TAG species in NSC34 cells were quantified by nano-electrospray ionization tandem mass spectrometry (Nano-ESI-MS/MS). Cell pellets (∼3 × 10⁶ cells, n = 3) were homogenized in 300 μl of Milli-Q water using the Precellys 24 Homogenisator (Peqlab) at 6,500 rpm for 30 s. The protein content of the homogenate was routinely determined using bicinchoninic acid. Aliquots of the cell homogenate equivalent to 700 μg of protein were diluted to 500 μl with Milli-Q water and mixed with 1.875 ml of chloroform/methanol/37% hydrochloric acid 5:10:0.15 (vol/vol/vol) and 20 μl of 4 μM d5-TG Internal Standard Mixture I (Avanti Polar Lipids). Conditions of lipid extraction and Nano-ESI-MS/MS analysis using the QTRAP 6500 mass spectrometer (SCIEX) have been previously described (Kumar et al, 2015). Detection of TAG species was conducted by scanning for the neutral losses of the ammonium adducts of distinct fatty acids: m/z 273 (16:0), m/z 299 (18:1), and m/z 301 (18:0). A mass range of m/z 750–1,100 kD was scanned using a collision energy of 40 eV. All scans were conducted in the positive ion mode at a scan rate 200 D/s with a declustering potential of 100 V, an entrance potential of 7 V, and a cell exit potential of 14 V (Ozbalci et al, 2013). Mass spectra were processed by the LipidView Software Version 1.2 (SCIEX) for identification and quantification of lipids. Endogenous TAG species were quantified by normalizing their peak areas to those of the internal standards. The calculated TAG amounts were normalized to the protein content of the cell homogenate.

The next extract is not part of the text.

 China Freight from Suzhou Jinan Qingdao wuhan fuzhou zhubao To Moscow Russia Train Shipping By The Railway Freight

TAG synthesis and lipolysis experiments

NSC34 cells were incubated with normal culture medium containing trace amounts of ¹⁴C-OA (375 nCi/ml, specific activity 53 mCi/mmol) supplemented with non-labeled OA/BSA to a final concentration of 600 μM for respective amount of time. For lipolysis experiment, the cells were treated like above for 24 h after which they were washed and treated with culture medium without FCS but containing 1% fatty acid–free BSA and 10 μM of triacsin C for 6 h. After respective incubations, the cells were washed with PBS containing 1% fatty acid–free BSA, collected, and lysed. The lysate was used for lipid extraction and protein content determination. In addition, medium of cells incubated with triacsin C was also collected for lipid extraction.

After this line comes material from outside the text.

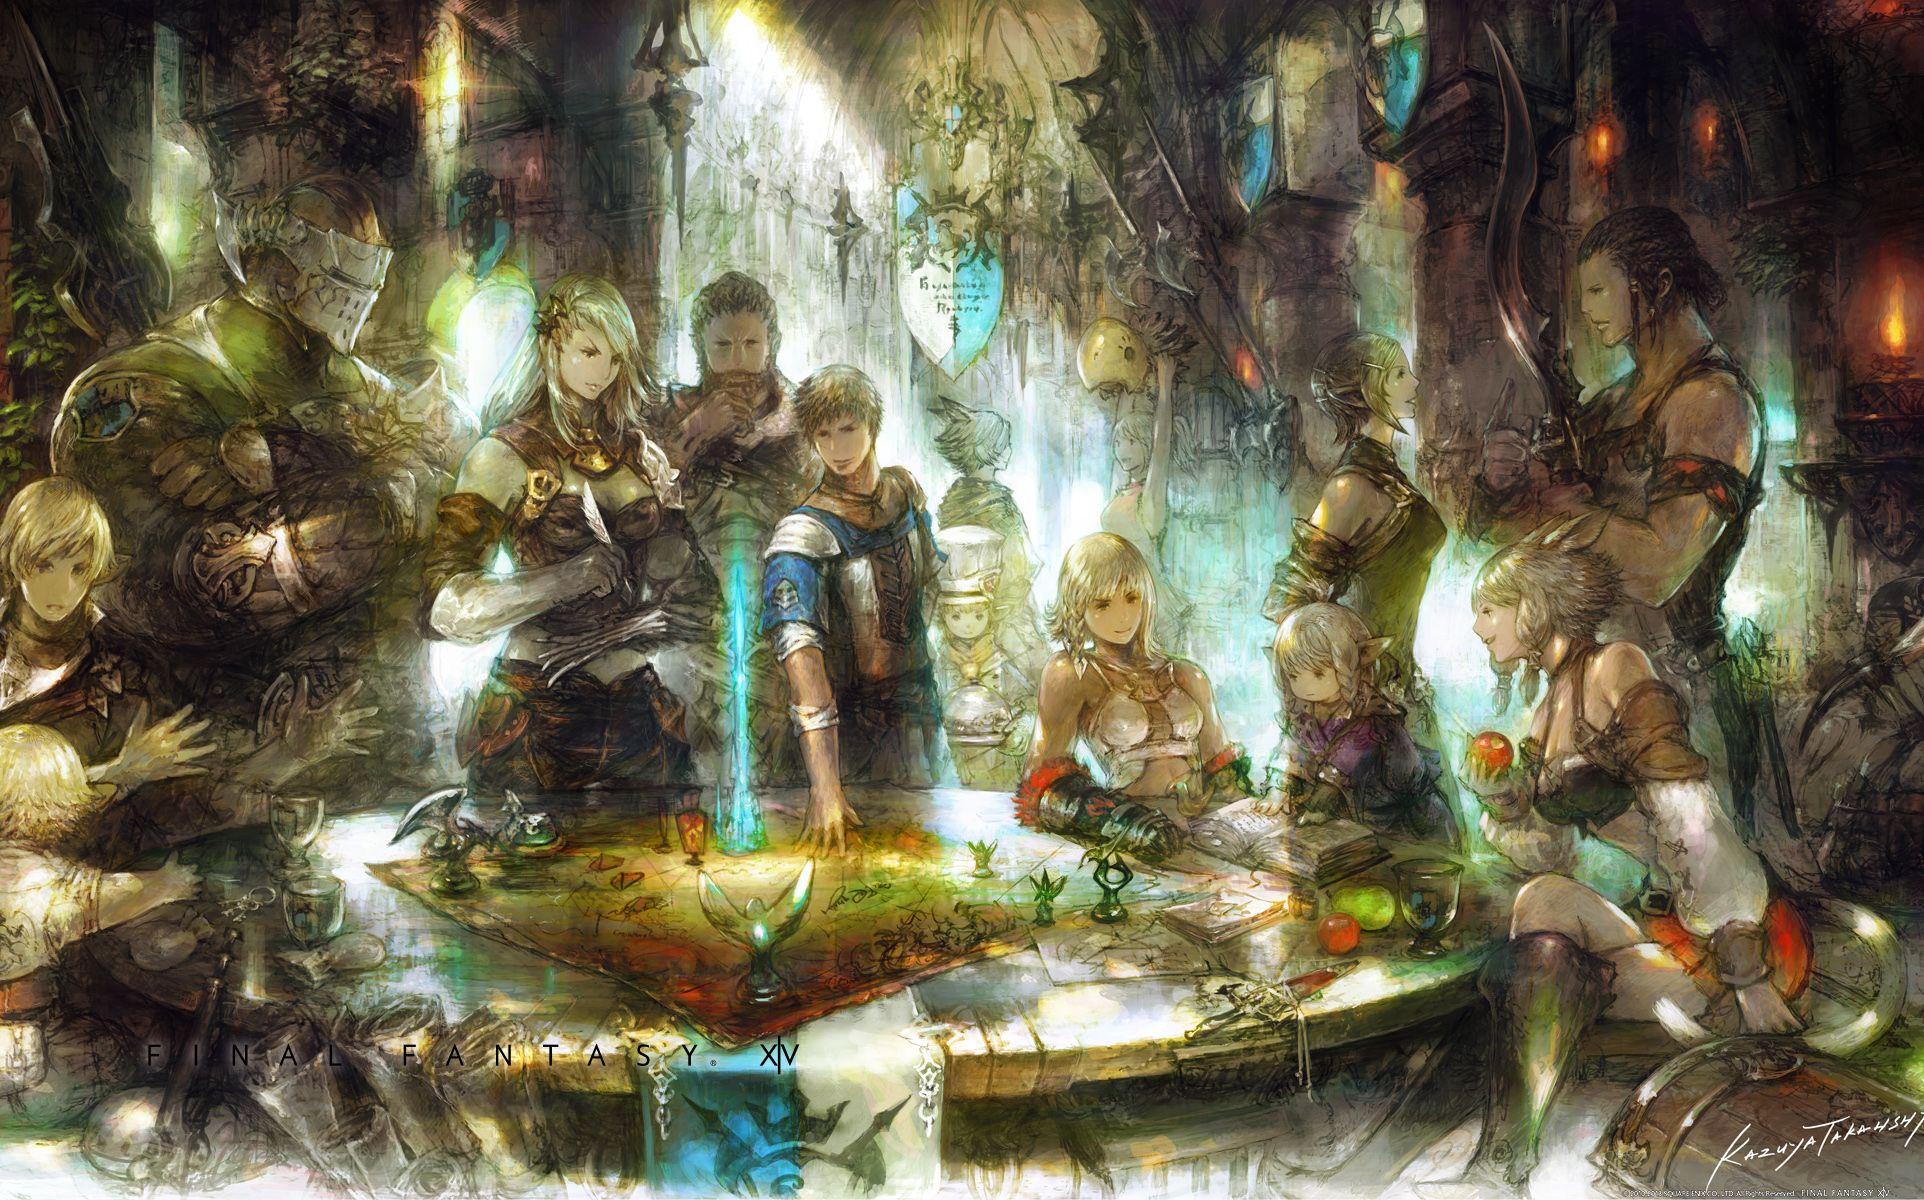 Final Fantasy XV Wallpaper, Picture, Image

Lipid extraction was carried out according to Wessel and Flugge (1984). Briefly, methanol was added to cell lysates and spun down. This was followed by addition of chloroform and centrifugation. Finally, pure water was added and centrifuged. Lower phase was collected and dried under N₂ stream. Cellular (or medium) lipids were dissolved in methanol/chloroform solution and loaded on TLC plates. The TLC plates (silica 60 W F254; 20 × 20 cm; Merck) were pre-run in methanol, dried, and activated for 10 min at 110°C on a TLC plate heater (TLC plate heater III; CAMAG). Standards and samples were applied onto the plate starting on the same front followed by running in solvent 1 (acid methyl ester, 1-propanol, chloroform, methanol, and 0.25% KCl [ratio 3:3:3:2:1]) to 4 cm. The plate was then removed from the tank and dried. The plate was placed in a chamber containing solvent 2 (75% N-hexan, 23% diethyl ether, and 2% acetic acid) and allowed to migrate to 1 cm from the top of the plate. The plate was dried and placed with solvent 3 (N-hexan) and allowed to migrate to 1 cm from the top of the plate. The plate was then exposed to a film, and autoradiographs of TLC plates were detected using Typhoon Trio (Amersham Biosciences).

Statistical analysis

To compare the means of two groups, a two-tailed paired or unpaired t test was carried out as indicated in figure legends. χ² test was performed to compare the distribution of two groups. One-way ANOVA with post-Tukey test was performed to compare the means of multiple groups. Fisher’s exact test was used to compare the percentage of LDs with or without ER contacts in WT and KO cells. Mann–Whitney test was used to compare the length of LD-ER contacts between WT and KO cells. The number of independent experiments performed is specified in the corresponding figure legend.